HR bonus-themed phishing attack looks to exploit year-end processes

HR bonus-themed phishing attack looks to exploit year-end processes


Mimecast emphasises the importance of user awareness training amid the recent detection of an HR bonus-themed phishing attack.

Mimecast emphasises the importance of user awareness training amid the recent detection of an HR bonus-themed phishing attack.

South African businesses are being targeted by an active credential harvesting campaign.

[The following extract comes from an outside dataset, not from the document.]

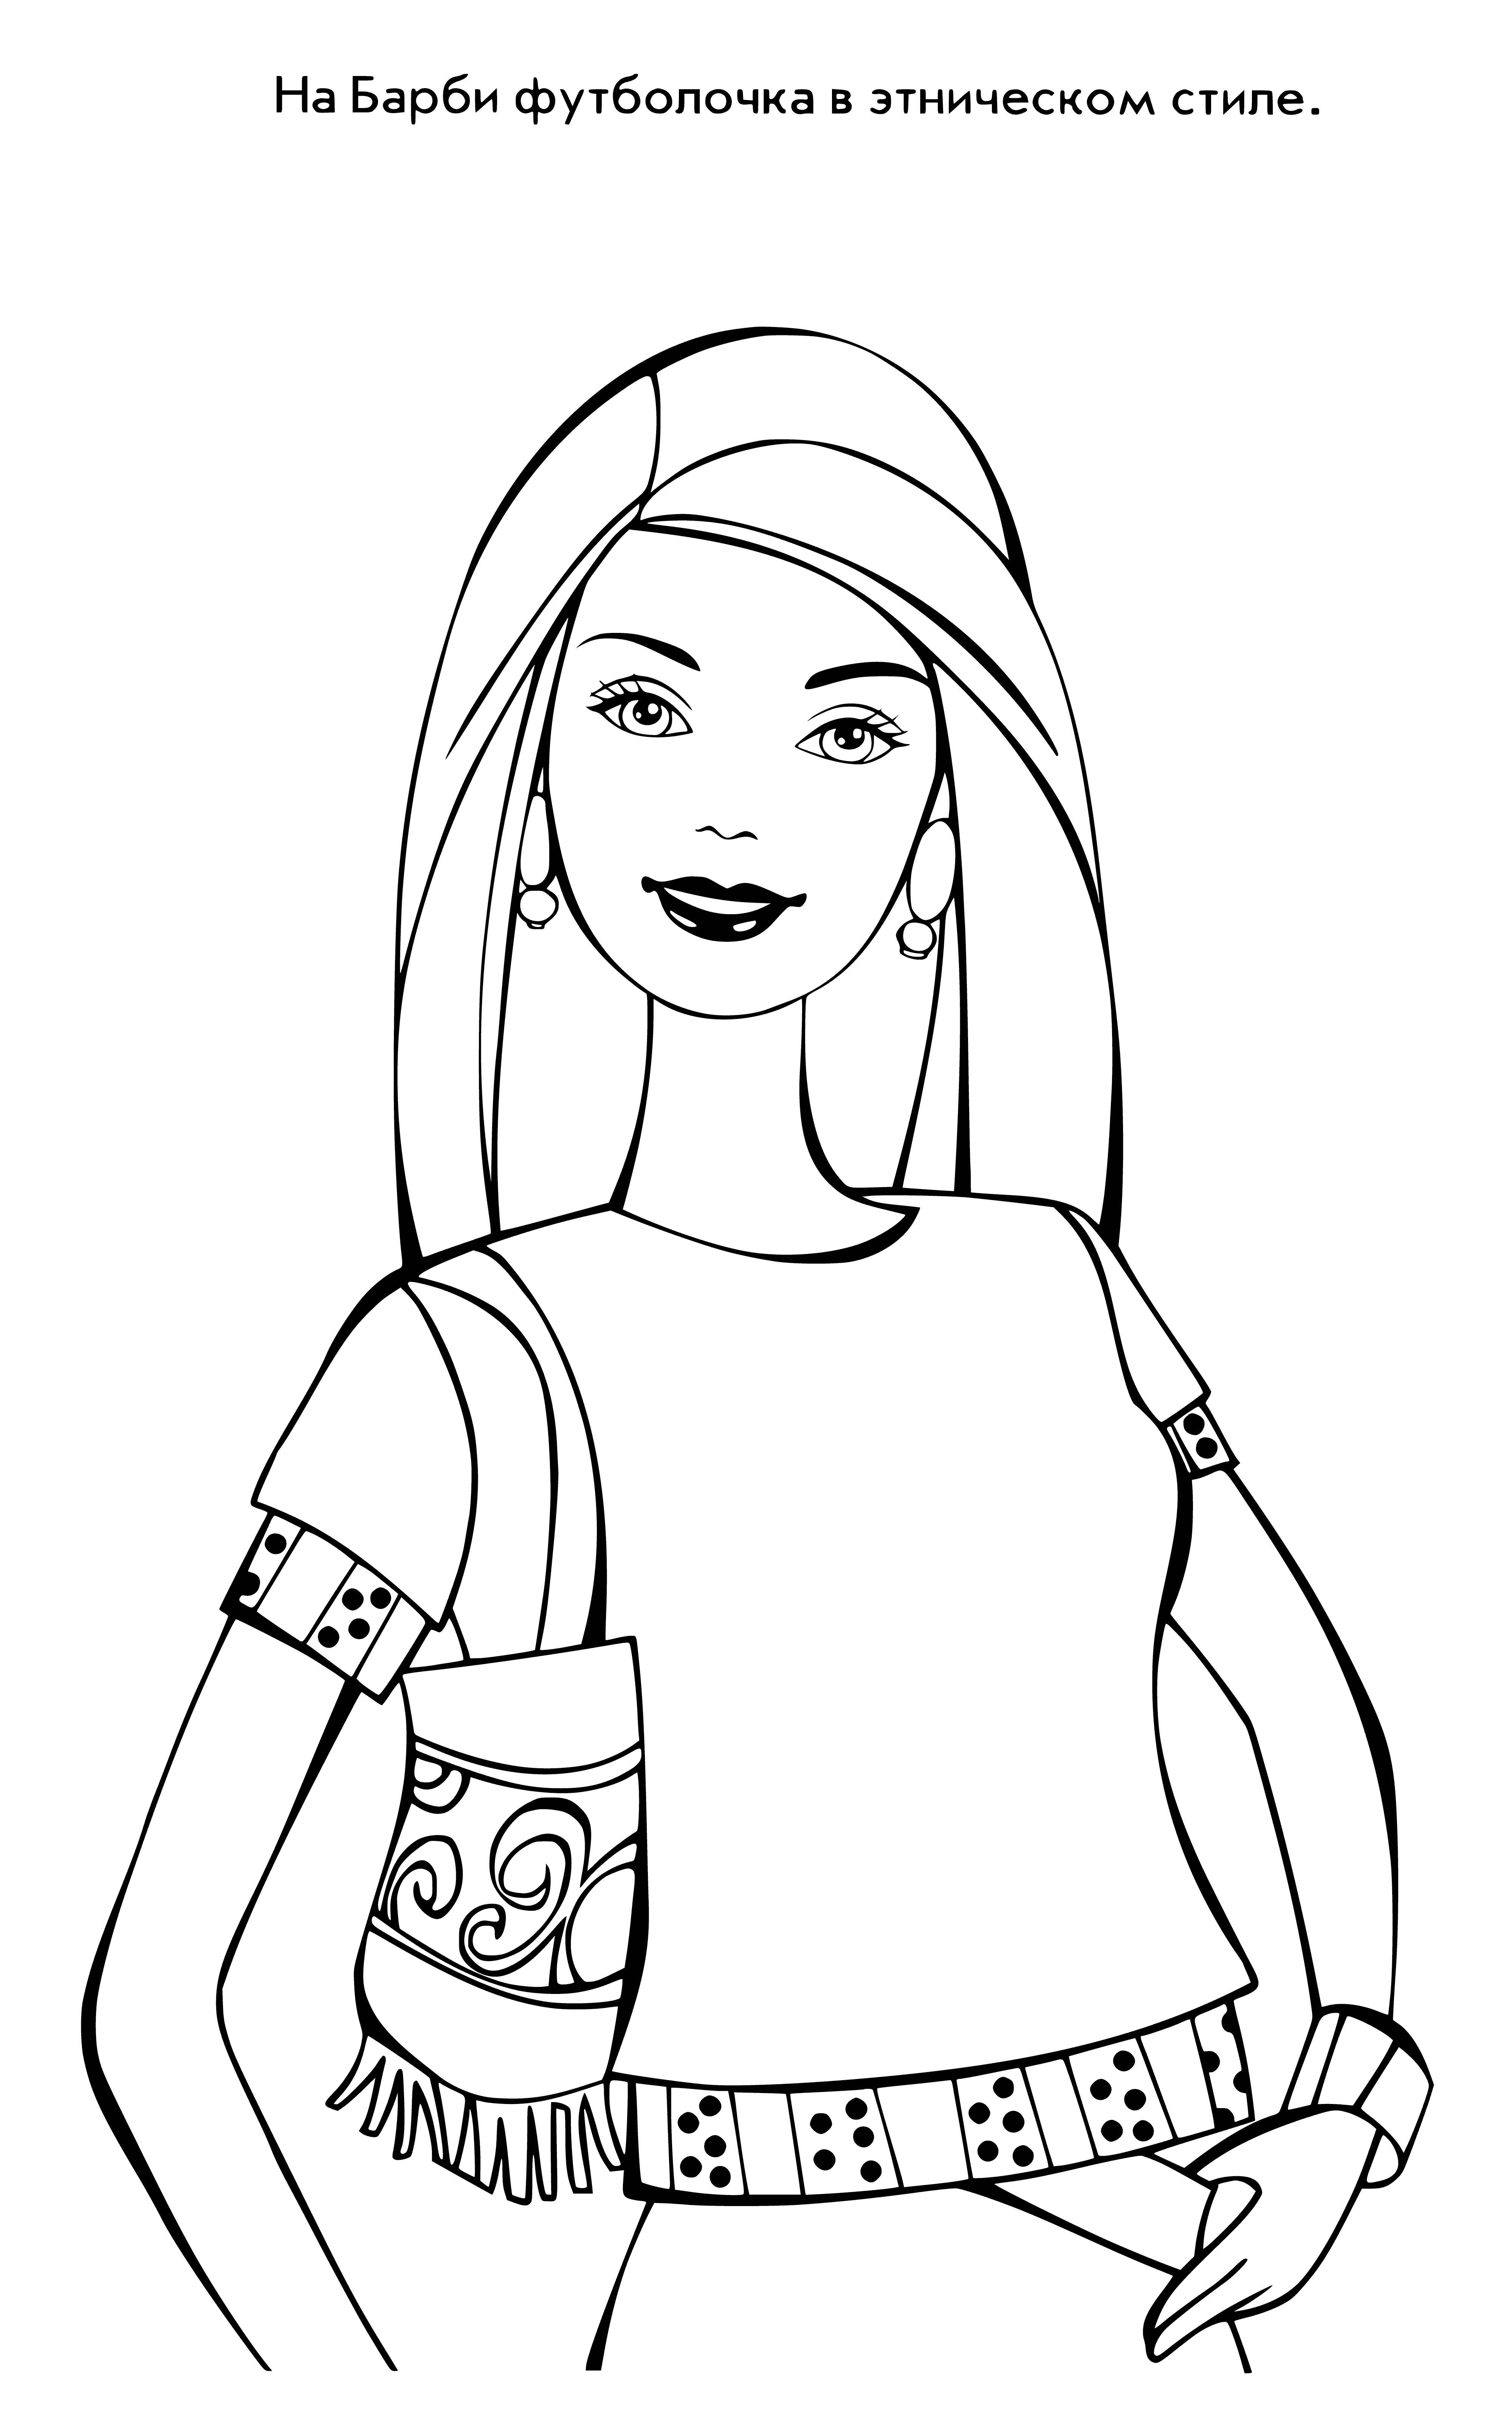 coloring page: Barbie wearing pink dress, black belt/shoes, blonde ponytail, and pink earrings.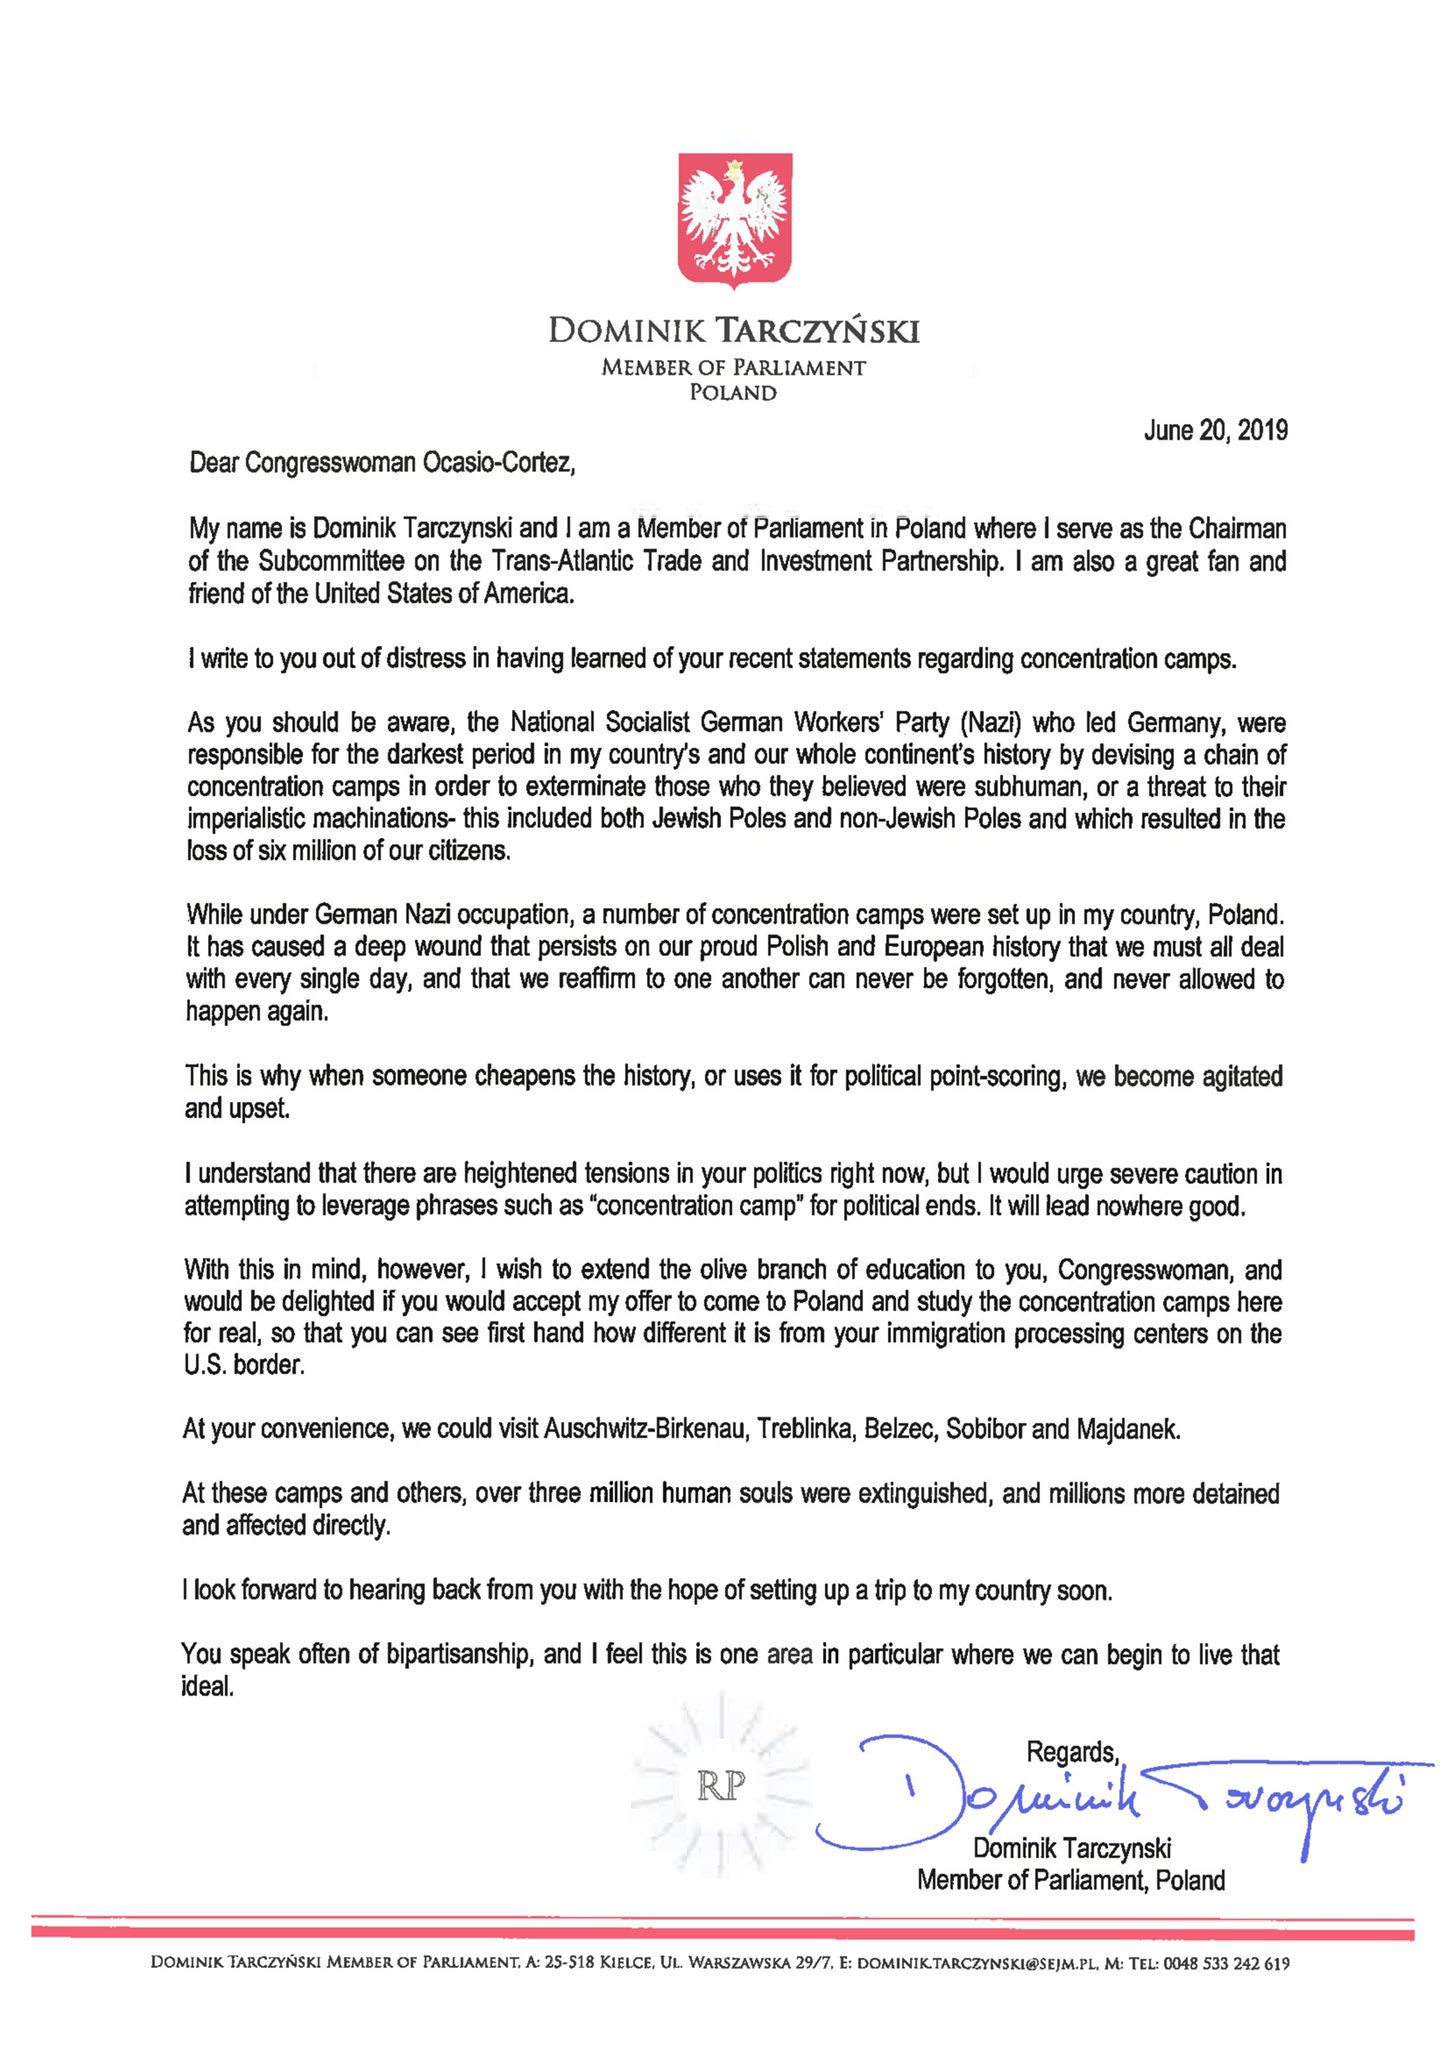 TARCZYŃSKI Dominik on Twitter: "With this letter, I am formally inviting @AOC to come to Poland,where Adolf Hitler set up the worst chain of concentration camps the world has ever seen, so that she may see that scoring political points with enflamed rhetoric is unacceptable in our contemporary Western societies… https://t.co/91Q9NzJWKg"

The campaign uses compromised e-mail accounts to distribute HR-themed phishing messages that impersonate DocuSign and company-specific HR departments.

This is according to Mimecast’s Threat Research team, which identified the HR bonus-themed campaign that exploits year-end corporate processes.

Compromised e-mail accounts are used to send PDF attachments with embedded QR codes.

Mimecast says the campaign is particularly concerning due to its strategic timing and exploitation of legitimate business workflows – and while the full extent of its geographic impact is not yet clear, the cyber company warns the South African market to be on guard. The Mimecast analyst team has clarified that it’s an emerging global threat at this stage so it doesn’t have enough numbers for SA to give ITWeb readers a deeper sense of how worried they need to be about it.

The company adds that this campaign demonstrates operational maturity through its use of geographically distributed compromised accounts, mobile device filtering and CAPTCHA bypass techniques to evade detection.

Mimecast explains that as organisations enter the final quarter of the year, HR departments across industries typically initiate bonus allocation, year-end performance reviews and benefits enrolment processes. Employees expect to receive legitimate communications about compensation, making them more susceptible to HR-themed phishing lures.

The threat actors have weaponised this expectation by crafting convincing messages that align with normal year-end corporate activities. The urgency implied in subject lines such as: “Let’s wrap up the year right – complete your bonus form!” exploits both the time-sensitive nature of year-end processes and employees’ financial interest in bonus information. This psychological manipulation significantly increases the likelihood of user interaction with malicious content, Mimecast notes.

According to Mimecast, the campaign operates through a multi-stage process:

1. Initial delivery: E-mails originate from compromised accounts, primarily using sender addresses associated with legitimate services and business domains.

2. Social engineering: Messages impersonate HR communications regarding bonus forms or year-end documentation.

3. PDF attachment: The e-mail contains a PDF attachment displaying the targeted organisation’s logo and HR branding to establish legitimacy.

4. QR code redirect: The PDF contains a QR code directing users to a credential harvesting portal.

5. Mobile targeting: Some variants employ filtering to ensure connections originate from mobile devices, where security controls may be less robust.

6. Credential harvesting: Users are redirected to a fake authentication page designed to capture corporate credentials.

Mimecast emphasises the importance of user awareness training, specifically to users to verify HR and bonus-themed lures rather than scanning QR codes, and on the of scanning QR codes from unexpected sources, particularly in e-mail attachments.

Furthermore, the company advocates training users to exercise heightened caution when accessing work-related content on mobile devices, where security indicators may be less visible.

It also advises businesses to conduct phishing simulations incorporating QR code scenarios, and search e-mail receipt logs and URL logs for technical indicators associated with these campaigns.